Csekeo A, Agócs L, Egerváry M, Heiler Z
Koranyi National Institute, Thoracic Surgery Clinic and Pathology Department, Budapest, Hungary.
Eur J Cardiothorac Surg. 1997 Dec;12(6):876-9. doi: 10.1016/s1010-7940(97)00272-8.
Surgery of pulmonary aspergillosis followed by higher incidence of post-operative complications. This was the purpose to evaluate our material.
Between January 1983 and December 1995, the operation was carried out on a total of 84 patients for pulmonary aspergillosis. The patients were comprised of 71 males and 13 females, with a mean age of 49 years (range, 24-71). Previous lung disorders were observed in about half of the cases (most frequently tuberculosis), while in the other half aspergillosis was developed on the basis of (sub)-acute infections. Haemoptysis was present in 48% of patients. The diagnosis was suspected in 47 cases by chest X-ray. Aspergilloma was diagnosed in 50 patients pre-operatively (excluding 12 typical aspergillomas for cavernostomies), with the other pre-operative diagnoses being tuberculosis, lung cancer, pyoscelrosis, etc.
In 71 cases pulmonary resection was carried out (52 lobectomies, 13 wedge resections and six pulmonectomies). A total of 12 cavities were opened by cavernostomy and one lung biopsy was performed for disseminated lung disease. The post-operative mortality rate was 9.5%. The most common complications were bleeding, empyema, bronchial fistula and wound infection. In 23 patients with developed prolonged air leak and/or residual air space, complications were observed more frequently in patients with greater cavitation near the chest wall.
In most cases of pulmonary aspergilloma surgical intervention remains the only effective therapy. The operation has a lower risk factor in asymptomatic patients and in patients without pleural or chest wall involvement. In some cases, cavernostomy may be the only remaining surgical choice.
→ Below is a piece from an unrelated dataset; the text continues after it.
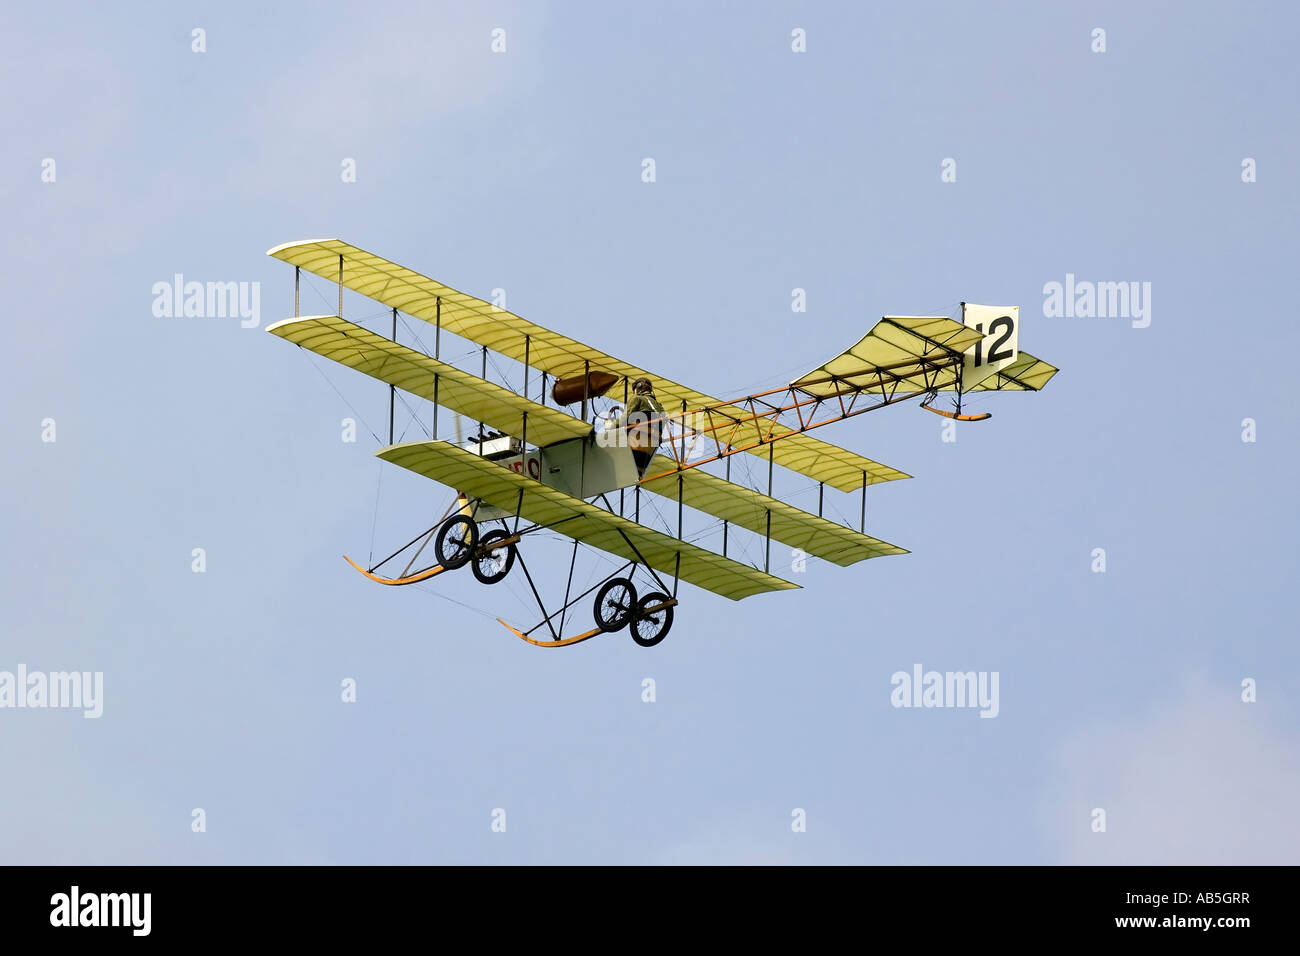 Une vieille machine volante edwardian l'Avro Triplane Banque D'Images

肺曲霉病手术后并发症发生率较高。本研究旨在评估我们的病例资料。
1983年1月至1995年12月,共对84例肺曲霉病患者实施了手术。患者包括71例男性和13例女性,平均年龄49岁(范围24 - 71岁)。约一半病例既往有肺部疾病(最常见的是肺结核),另一半病例曲霉病是在(亚)急性感染基础上发生的。48%的患者有咯血症状。47例患者通过胸部X线检查怀疑诊断。术前50例患者诊断为曲菌球(不包括12例用于空洞造口术的典型曲菌球),其他术前诊断为肺结核、肺癌、脓胸等。
71例患者实施了肺切除术(52例肺叶切除术、13例楔形切除术和6例全肺切除术)。通过空洞造口术共打开12个空洞,对1例播散性肺部疾病患者进行了肺活检。术后死亡率为9.5%。最常见的并发症是出血、脓胸、支气管瘘和伤口感染。23例出现持续性漏气和/或残留气腔的患者中,胸壁附近空洞较大的患者并发症更常见。
在大多数肺曲菌球病例中,手术干预仍然是唯一有效的治疗方法。对于无症状患者以及无胸膜或胸壁受累的患者,手术风险较低。在某些情况下,空洞造口术可能是唯一剩下的手术选择。